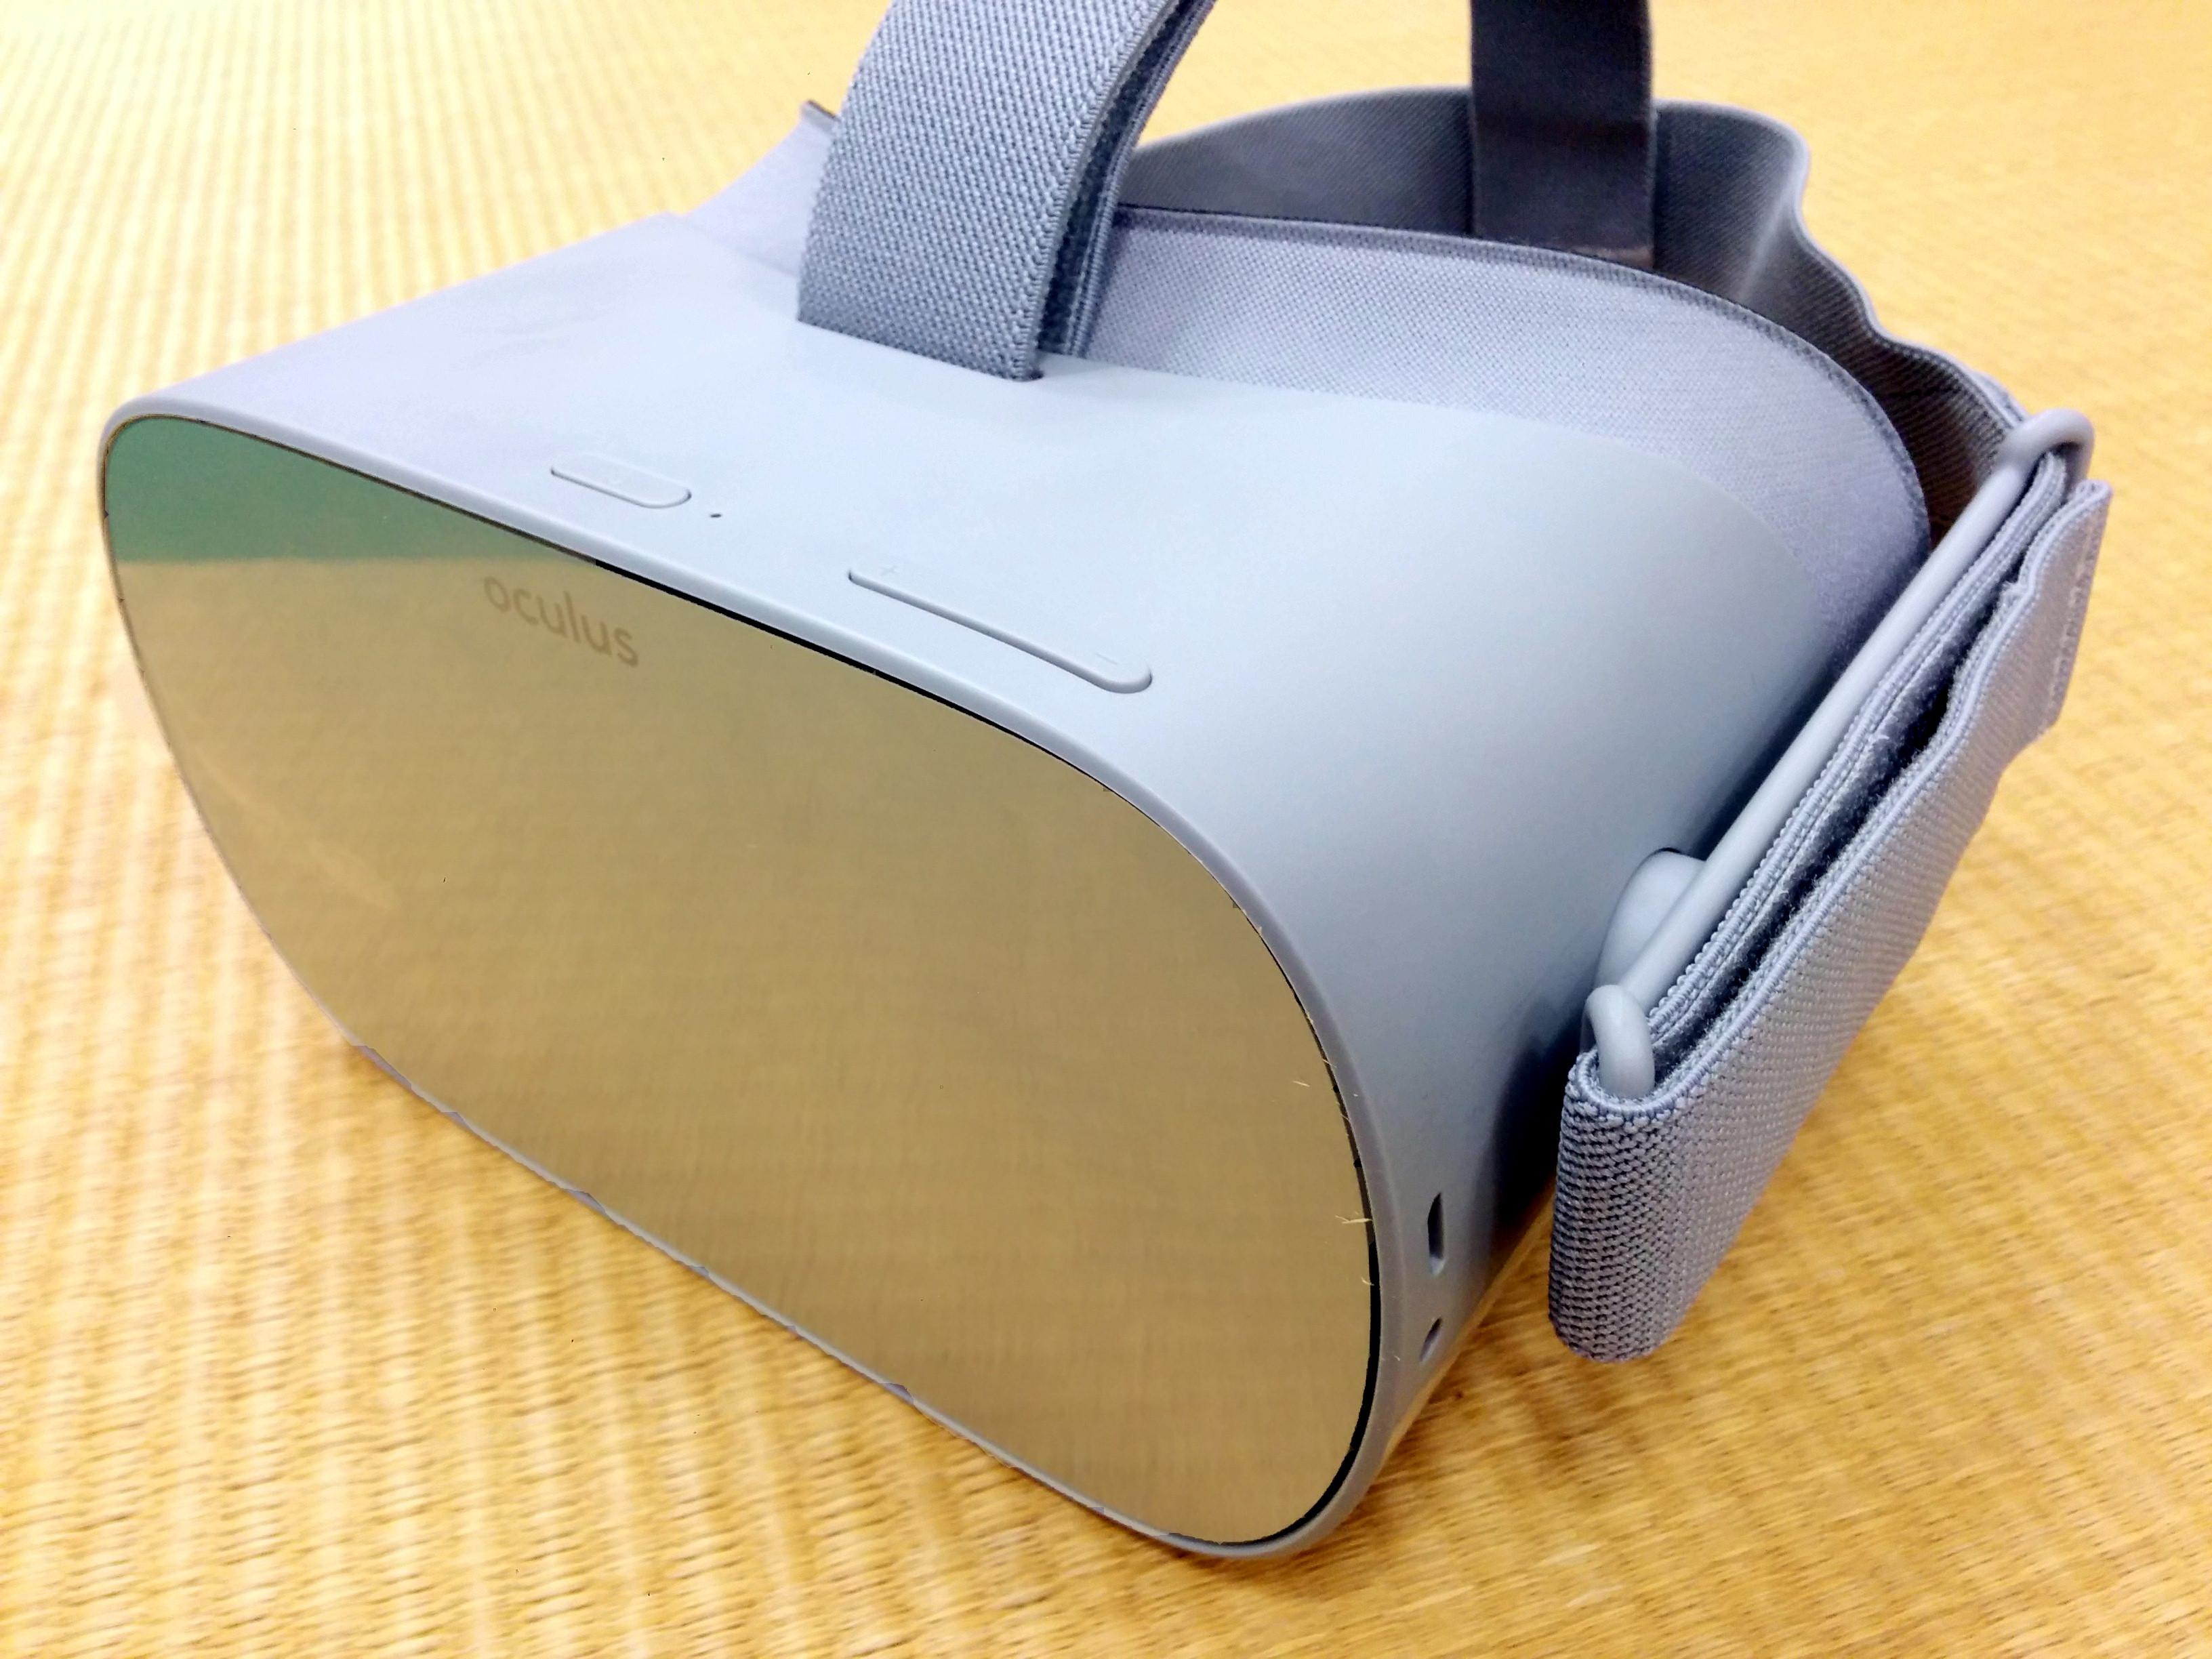 Oculus Go - Wikipedia
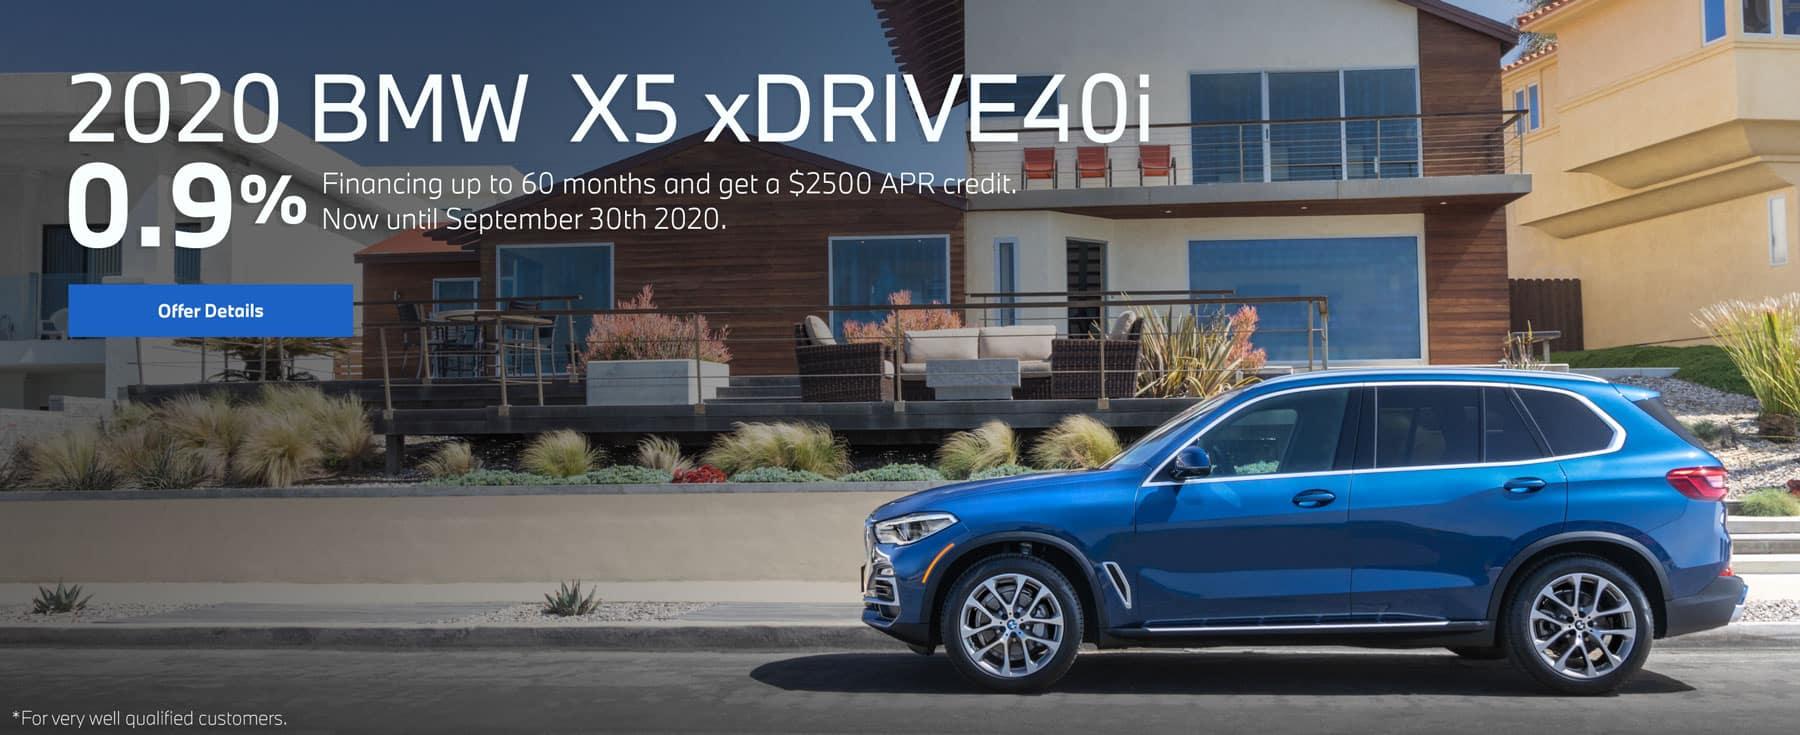 2020 bmw x5 xDrive40i 0.9% offer
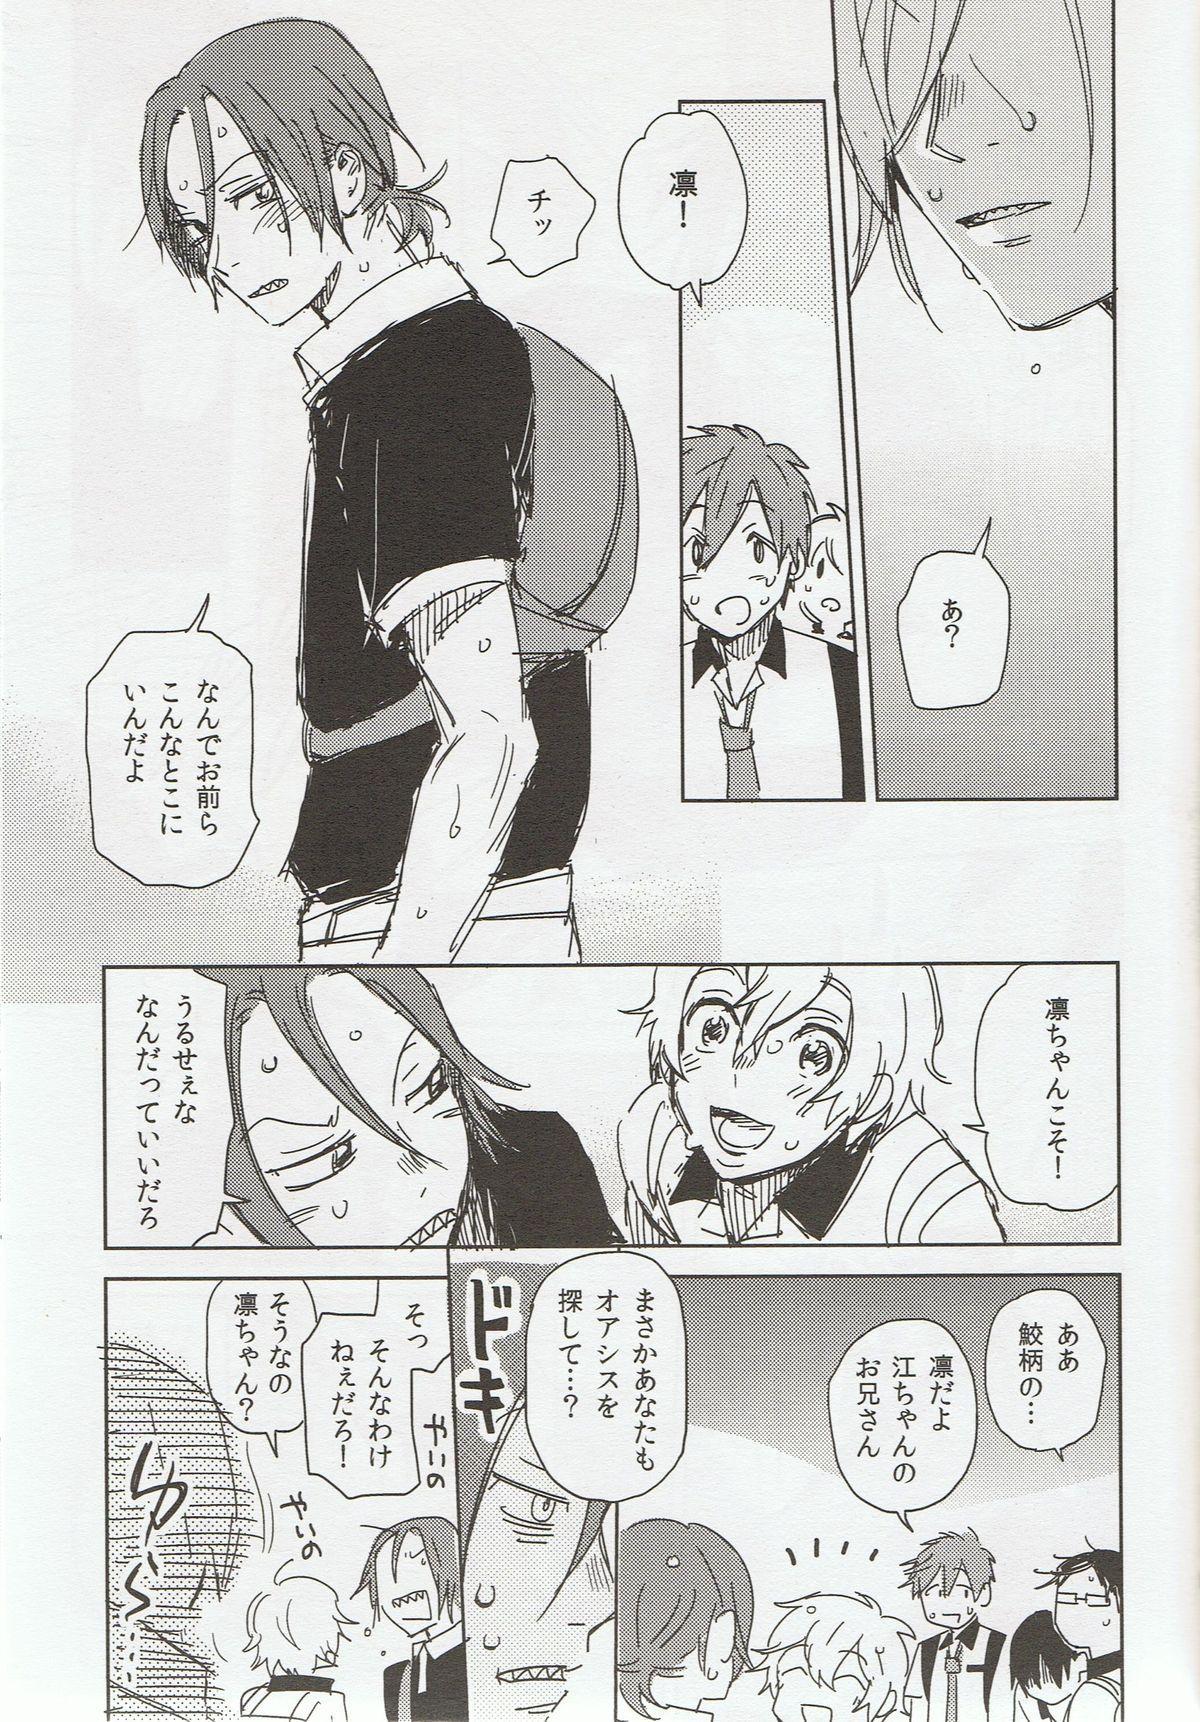 Sou da, Tottori Sakyuu Ikou. 11

## Task directions
Every line of the material should be repeated precisely; pictures are to be excluded.

## Written answer
 Oculus Go - Wikipedia
 2020 bmw x5 xDrive40i 0.9% offer
 Sou da, Tottori Sakyuu Ikou. 11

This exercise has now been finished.